Of all of the "oddities" to come out of Tesla over the last decade or so, the one thing the company was never stupid enough to do - amidst what appears to be a neverending flurry of lawsuits and legal problems - was drop its D&O insurance.
Directors and officers insurance is "liability insurance payable to the directors and officers of a company, or to the organization(s) itself, as indemnification (reimbursement) for losses or advancement of defense costs in the event an insured suffers such a loss as a result of a legal action brought for alleged wrongful acts in their capacity as directors and officers."
D&O insurance is absolutely vital for any public company, but especially for a company that finds itself embroiled in far more controversy and litigation than others.
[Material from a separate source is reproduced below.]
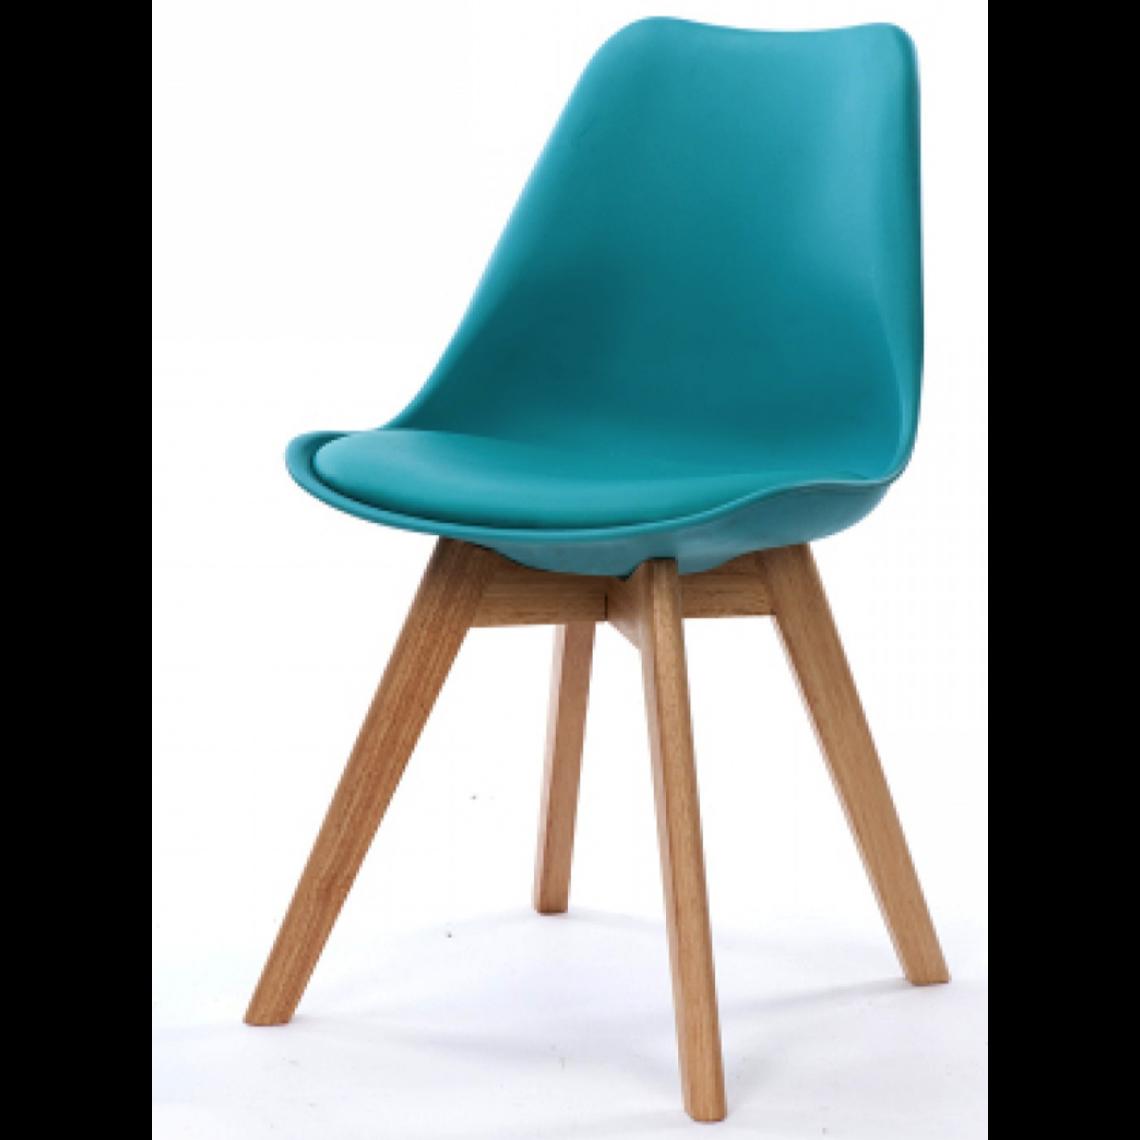 Suisses Hades3 Style Turquoise Chaise Design Scandinave OPkXiuZ

Like a company where the CEO bails out his cousin's failing solar company.
Or a company where the CEO openly and brazenly commits securities fraud on Twitter.
But alas, that is the path that Tesla has now taken, making it one of the only major public companies we can remember anytime recently that will go forward indemnified personally by its CEO, instead of carrying insurance. Tesla's newly filed 10-K/A states:
Tesla determined not to renew its directors and officers liability insurance policy for the 2019-2020 year due to disproportionately high premiums quoted by insurance companies. Instead, Elon Musk agreed with Tesla to personally provide coverage substantially equivalent to such a policy for a one-year period, and the other members of the Board are third-party beneficiaries thereof.
The Board concluded that because such arrangement is governed by a binding agreement with Tesla as to which Mr. Musk does not have unilateral discretion to perform, and is intended to replace an ordinary course insurance policy, it would not impair the independent judgment of the other members of the Board.
There's obviously a couple of odd conclusions we can draw from this:
- First, it appears that absolutely no one wants to be on the hook for insuring Tesla, at least at a price that's reasonable. Just like car insurance, D&O insurance premiums rise depending on how much of a risk the insured is.
- Second, we have to ask why Tesla can't pay these premiums regardless. Doesn't the company have $6 billion in the bank and isn't it generating cash consistently?
- Third, Elon Musk's net worth is, by his own admissions, illiquid and tied to the price of Tesla stock. If the stock were to crater as the result of a liability, wouldn't it serious infringe on Musk's ability to providing all of his Directors and Officers with costly legal representation?
Finally, the craziest thing is that Tesla "determining" to drop its coverage comes at a point where the company's legal issues appear to be escalating the most, according to numbers PlainSite pointed out as of January 2020:
Perhaps Musk is just feeling emboldened monetarily and has already accounted for a $750 million payday he has coming if the company's market cap can stay over $100 billion for a couple more days. Recall, just yesterday we noted that Tesla laid off 300 janitors to save $2 million after Musk's net worth had advanced $650 million in April.
Regardless, why might D&O insurance be of extreme importance for Tesla in the future?
"Such coverage can extend to defense costs arising out of criminal and regulatory investigations/trials as well; in fact, often civil and criminal actions are brought against directors/officers simultaneously. Intentional illegal acts, however, are typically not covered under D&O policies."
40 year veteran of Wall Street and well-respected short seller Jim Chanos commented on Twitter:
In 40 years on Wall Street, I have never seen this before. The CEO is insuring the board for negligence.